Assignment:
Word for word, output the data, with none of its pictures.

Dataset excerpt:
___
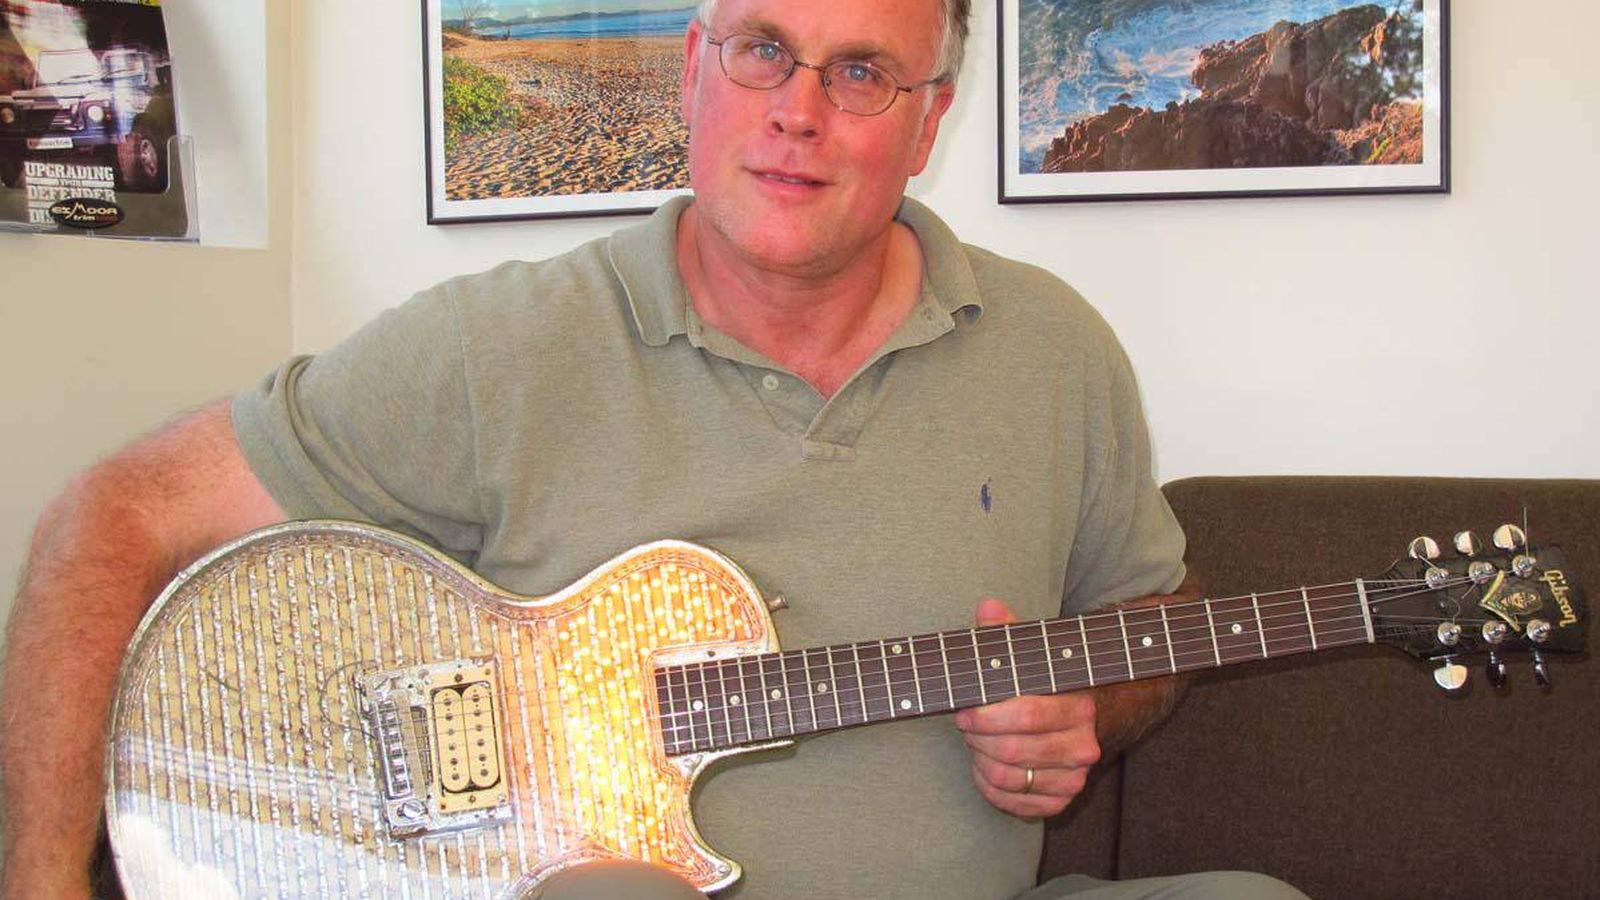 Foto: Robison en 2015 sujetando una de las guitarras restauradas que utilizó Kiss a finales de los 70. (Twitter)
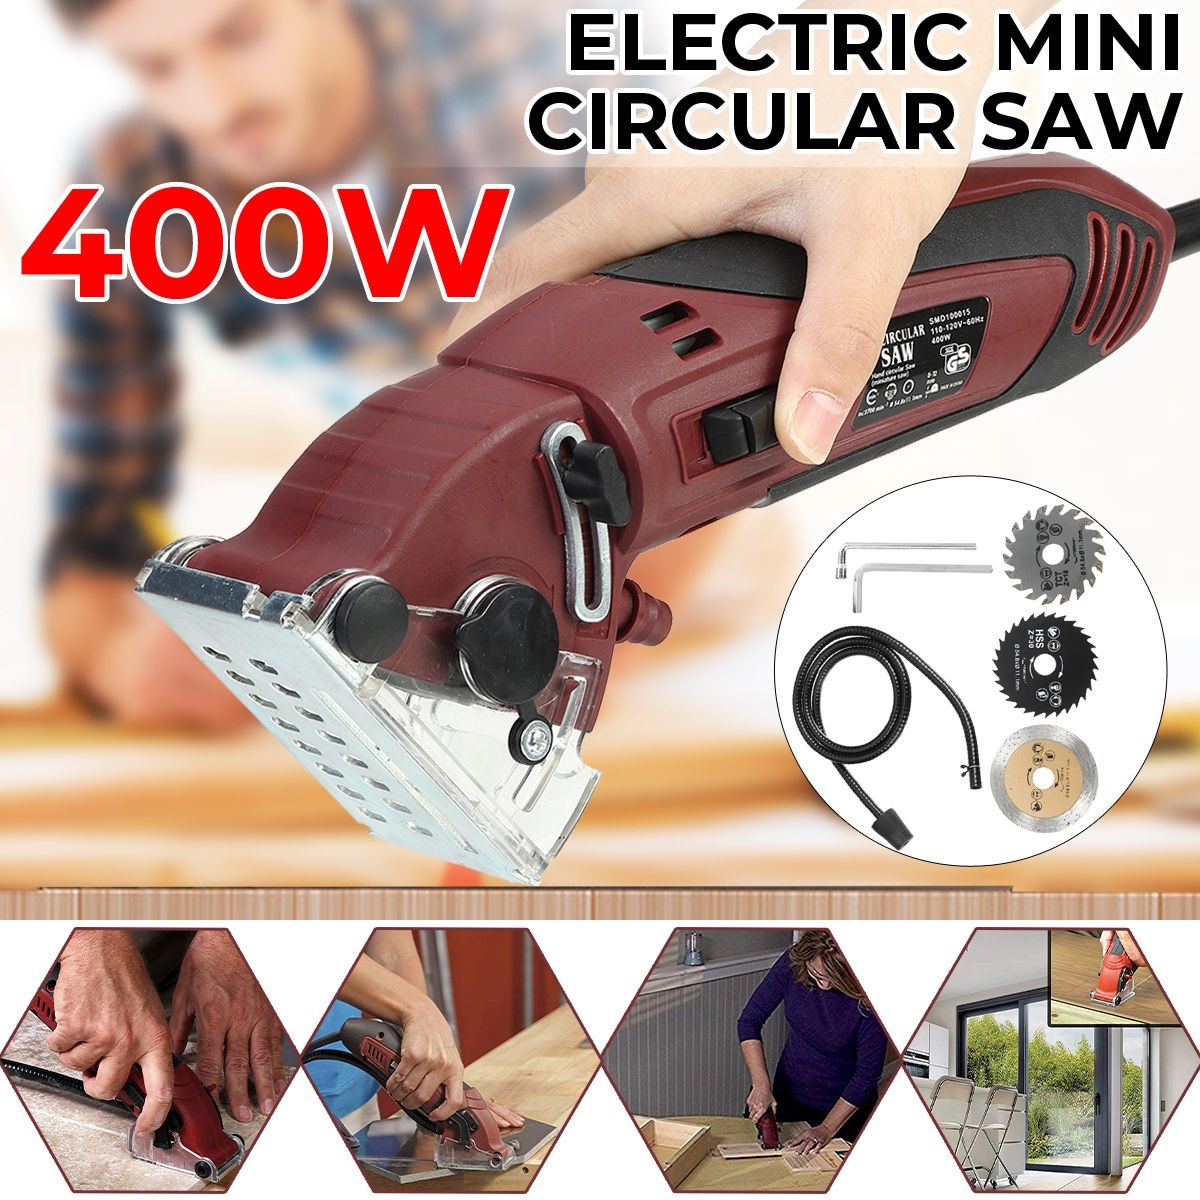 Mini-Cutting-Machine-Electric-Laser-Circular-Saw-Multi-Functional-Handheld-Grinder-Kit-Carpenter-Woo-1760084
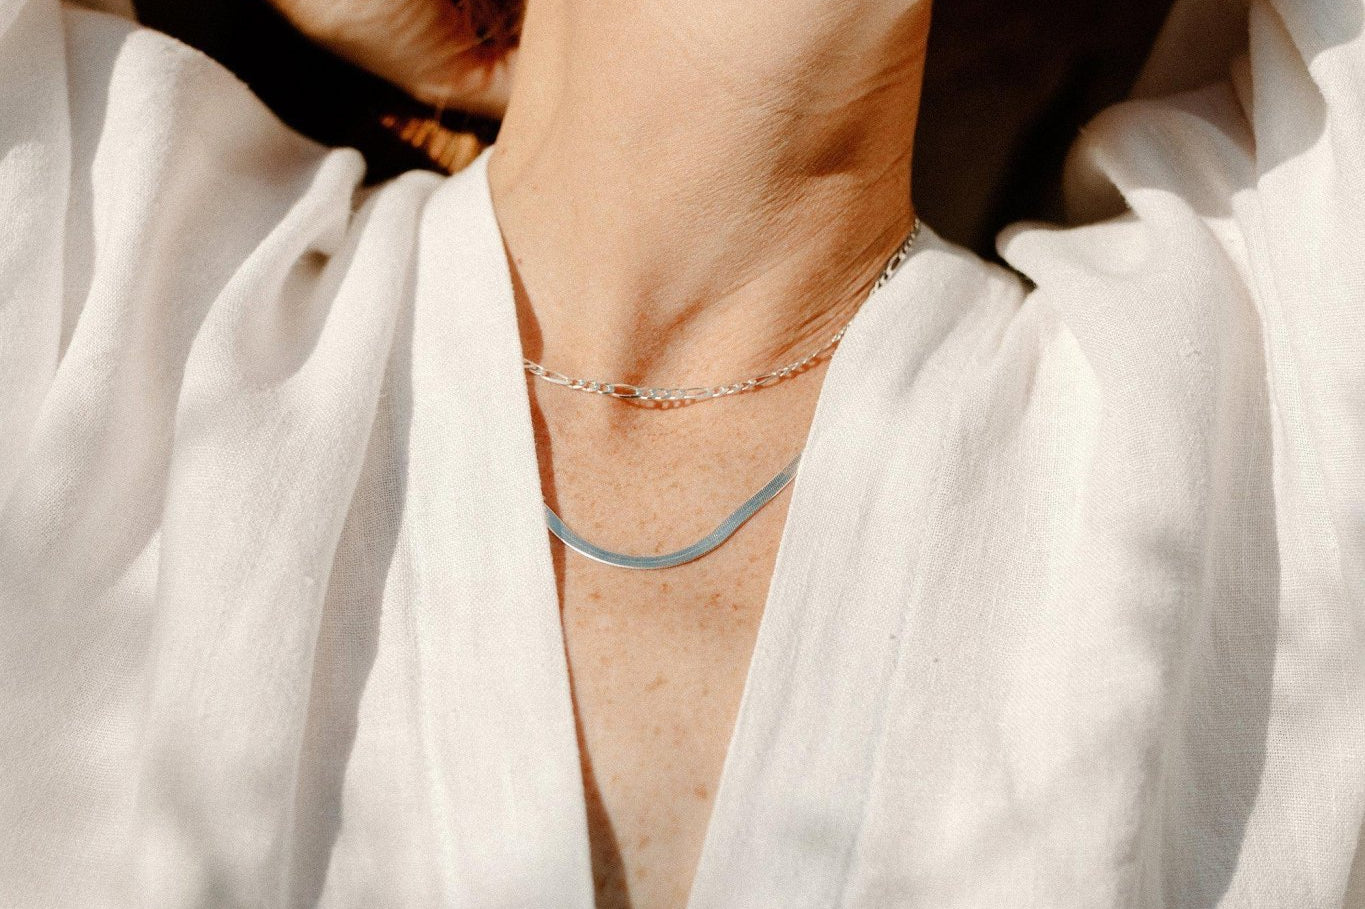 Silver Herringbone and Thin Figaro Necklace Chain Set - Dea Dia
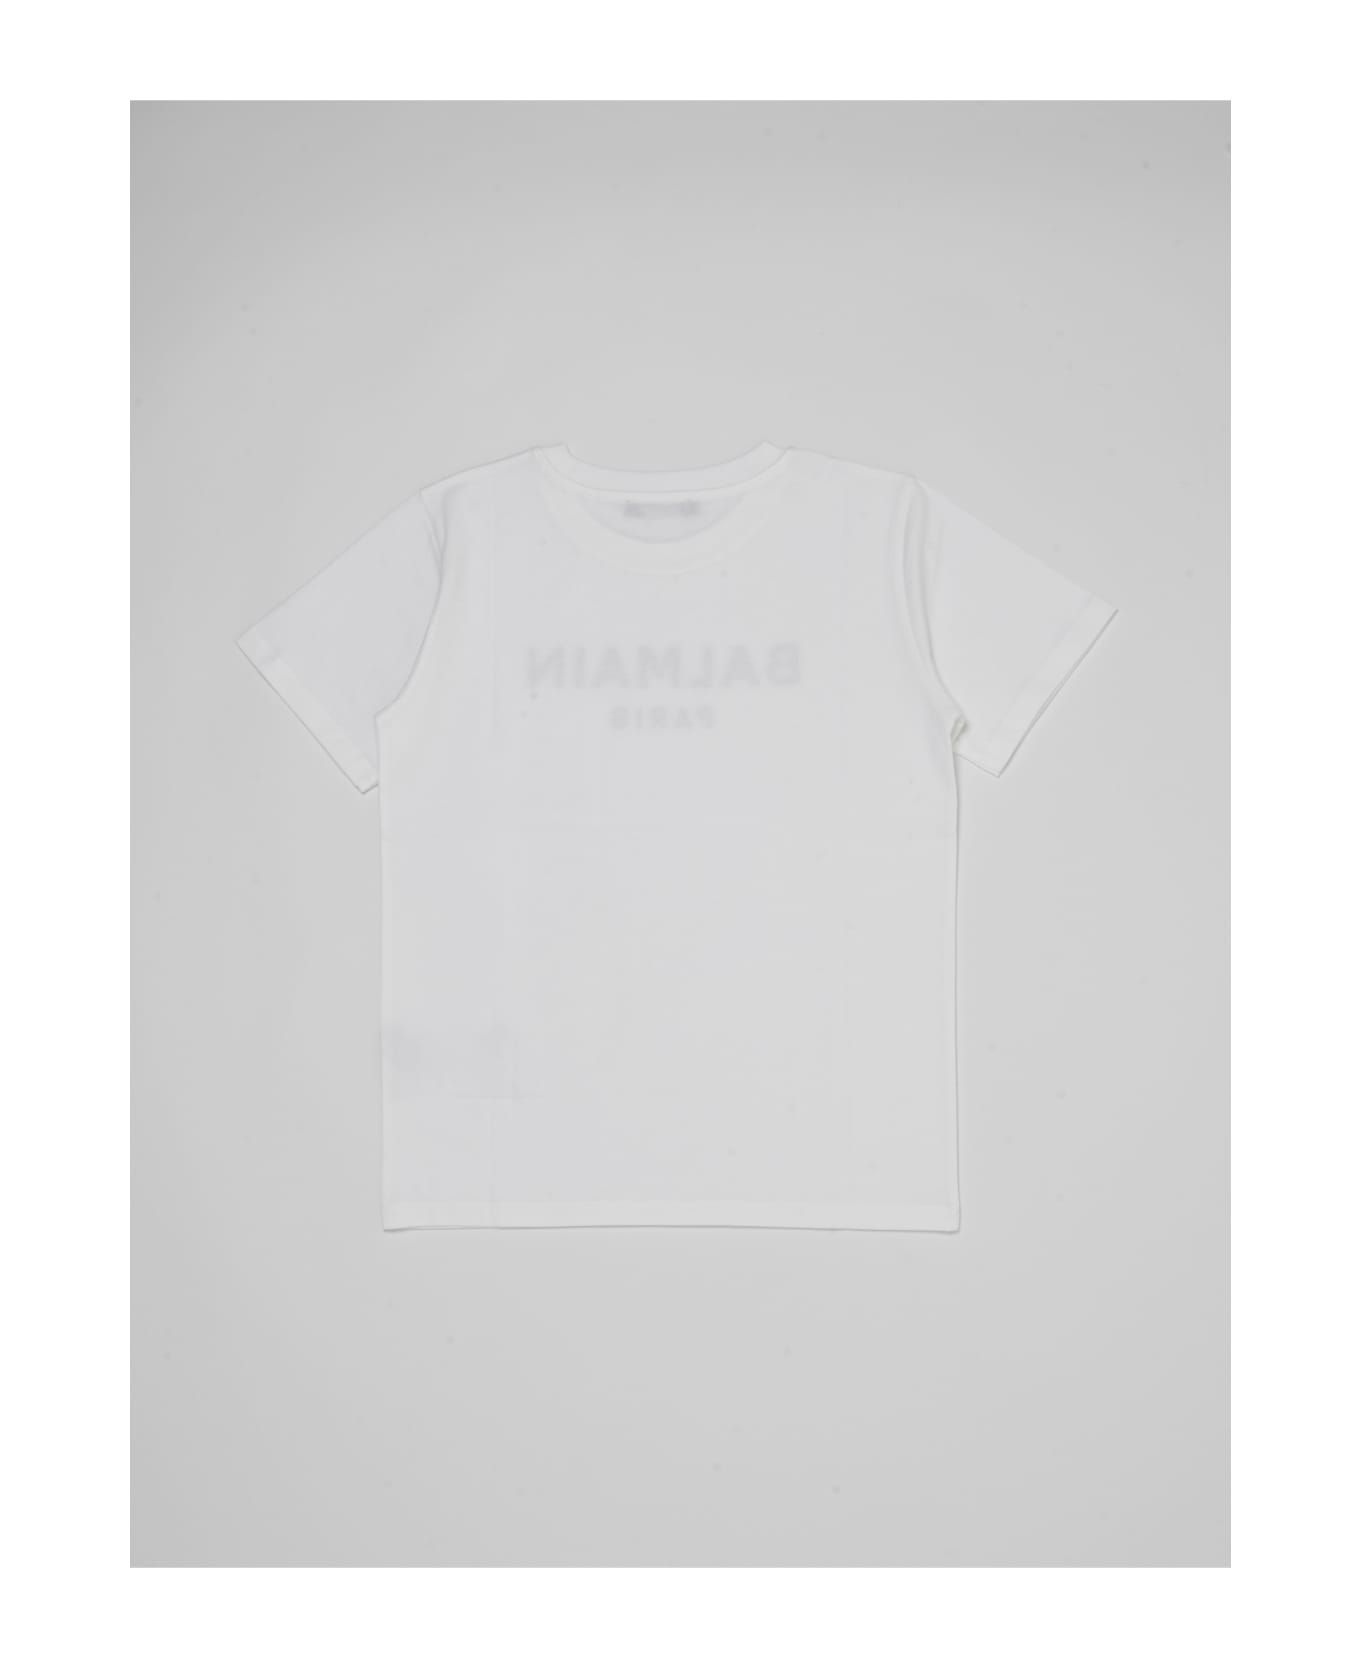 Balmain T-shirt T-shirt - BIANCO Tシャツ＆ポロシャツ
___
Expected output:
 Foto: Robison en 2015 sujetando una de las guitarras restauradas que utilizó Kiss a finales de los 70. (Twitter)
 Mini-Cutting-Machine-Electric-Laser-Circular-Saw-Multi-Functional-Handheld-Grinder-Kit-Carpenter-Woo-1760084
 Silver Herringbone and Thin Figaro Necklace Chain Set - Dea Dia
 Balmain T-shirt T-shirt - BIANCO Tシャツ＆ポロシャツ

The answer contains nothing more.